▶ Source material:

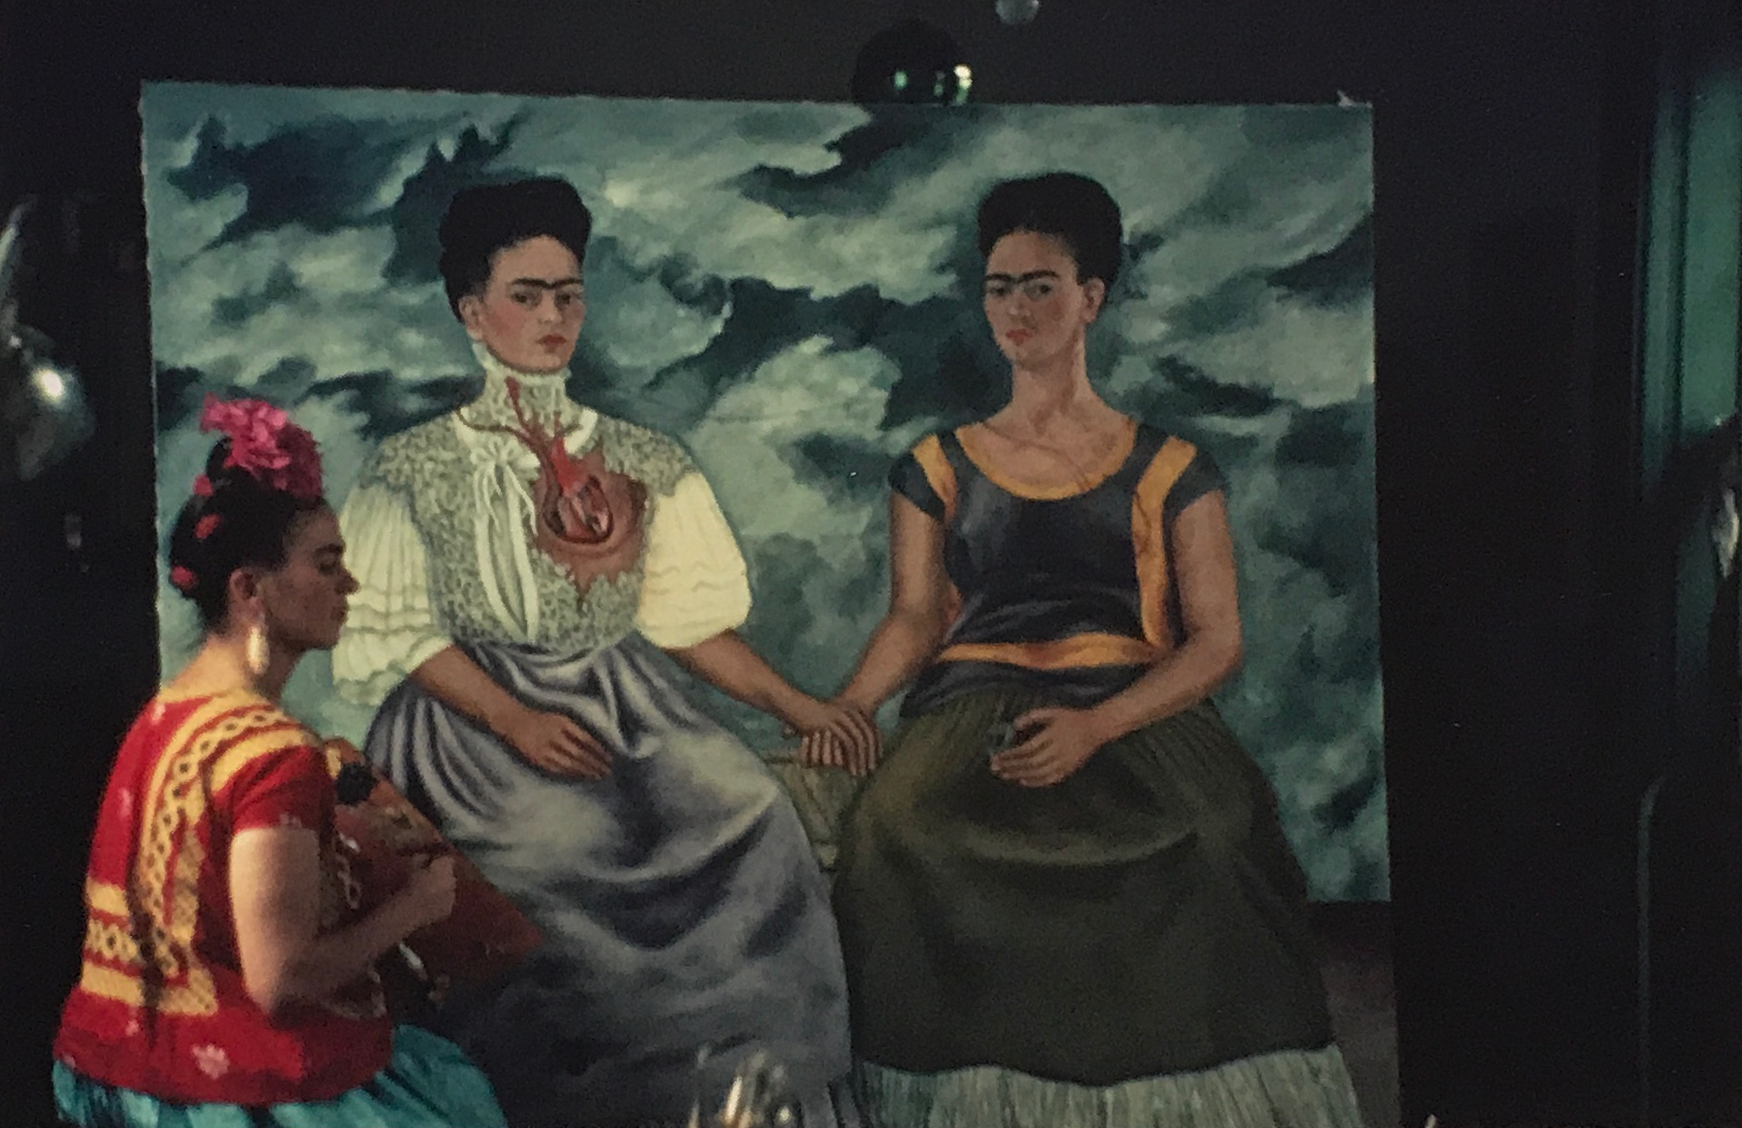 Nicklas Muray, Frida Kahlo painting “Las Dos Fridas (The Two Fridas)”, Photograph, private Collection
==
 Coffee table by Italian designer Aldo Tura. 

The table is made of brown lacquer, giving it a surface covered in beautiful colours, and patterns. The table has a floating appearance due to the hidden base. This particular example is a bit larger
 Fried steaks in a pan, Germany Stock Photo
...
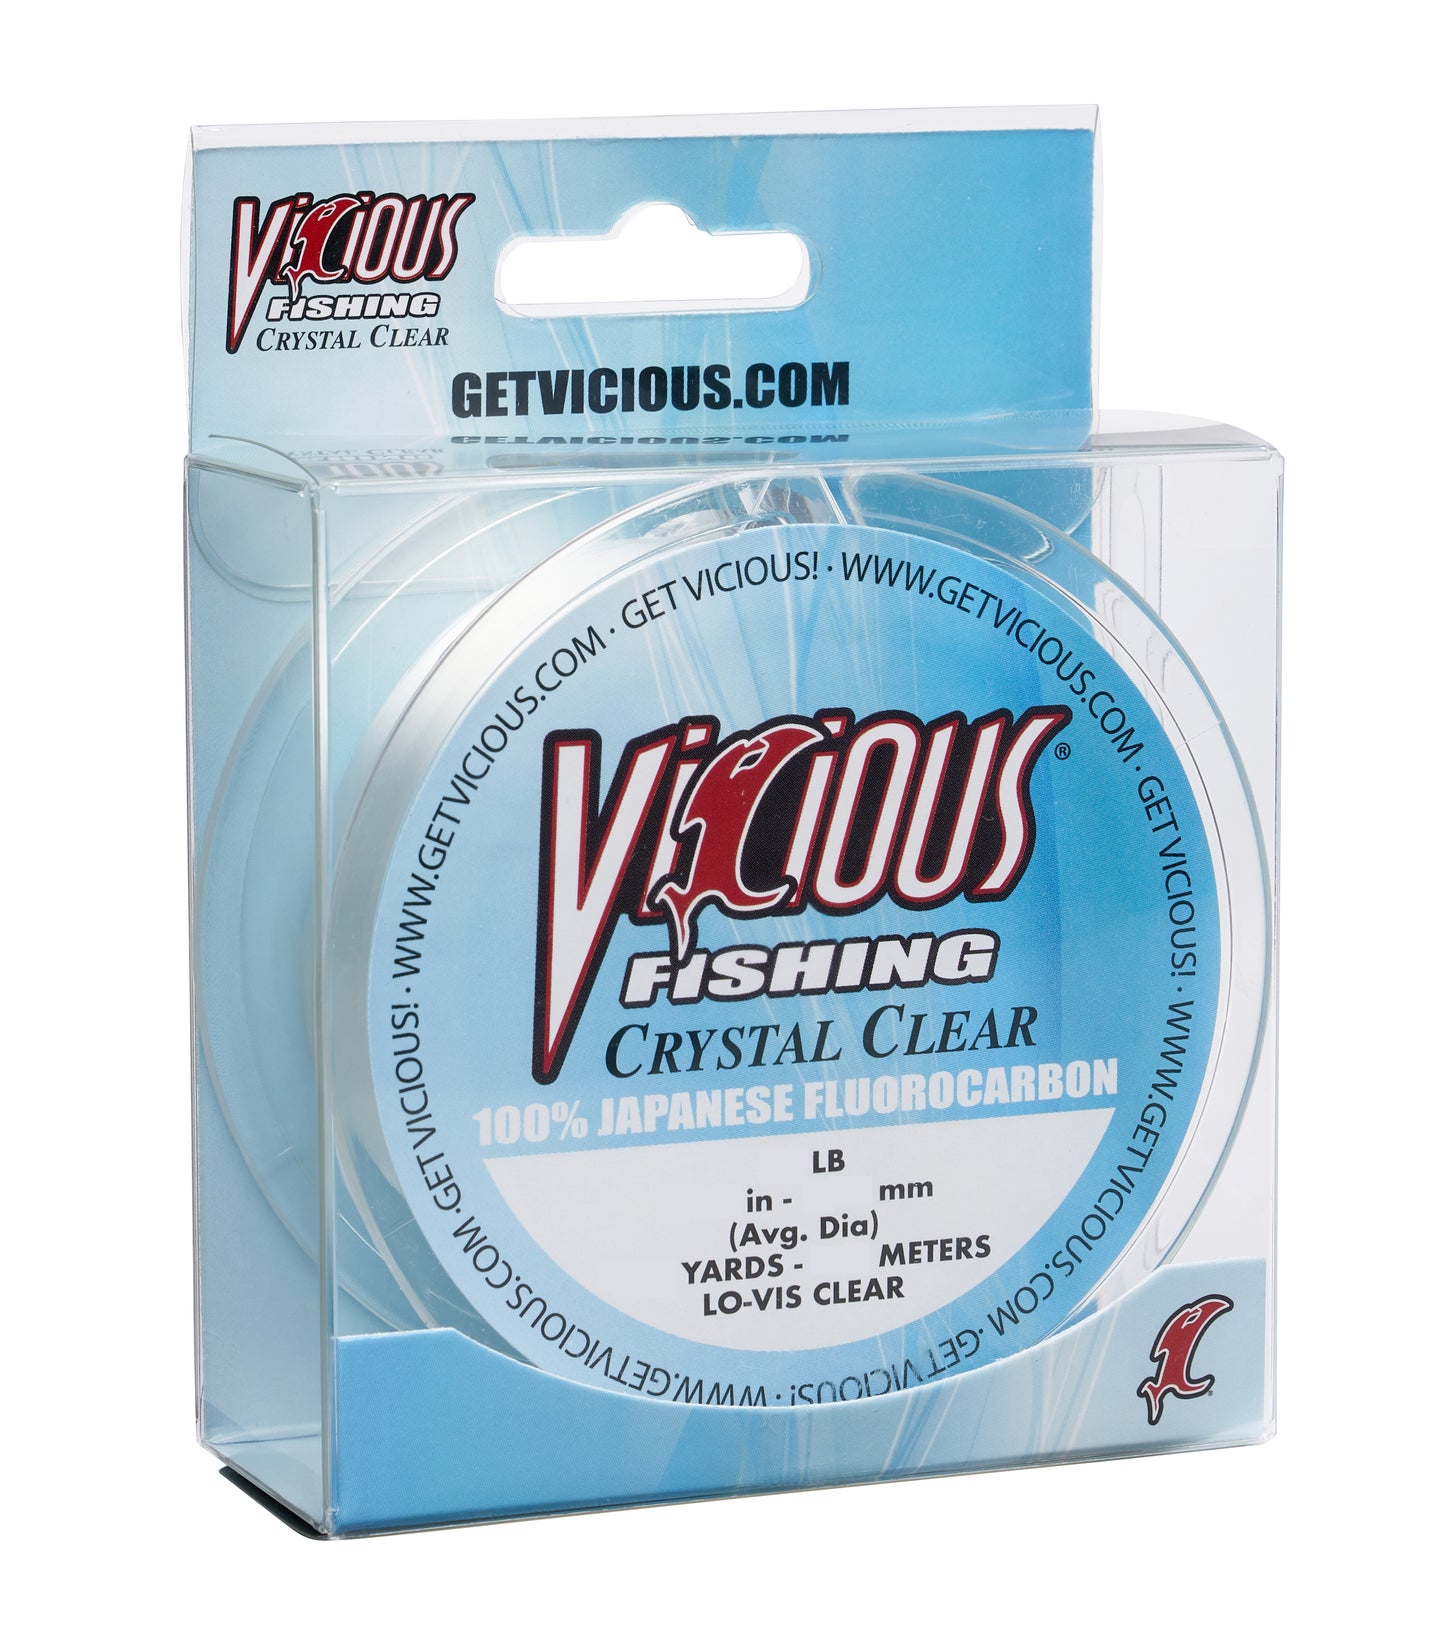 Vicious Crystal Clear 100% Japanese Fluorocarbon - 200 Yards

▶ Work item: Copy out, from the listing above, every line that contains the string "table".

▶ Result of the exercise:
 Coffee table by Italian designer Aldo Tura. 
The table is made of brown lacquer, giving it a surface covered in beautiful colours, and patterns. The table has a floating appearance due to the hidden base. This particular example is a bit larger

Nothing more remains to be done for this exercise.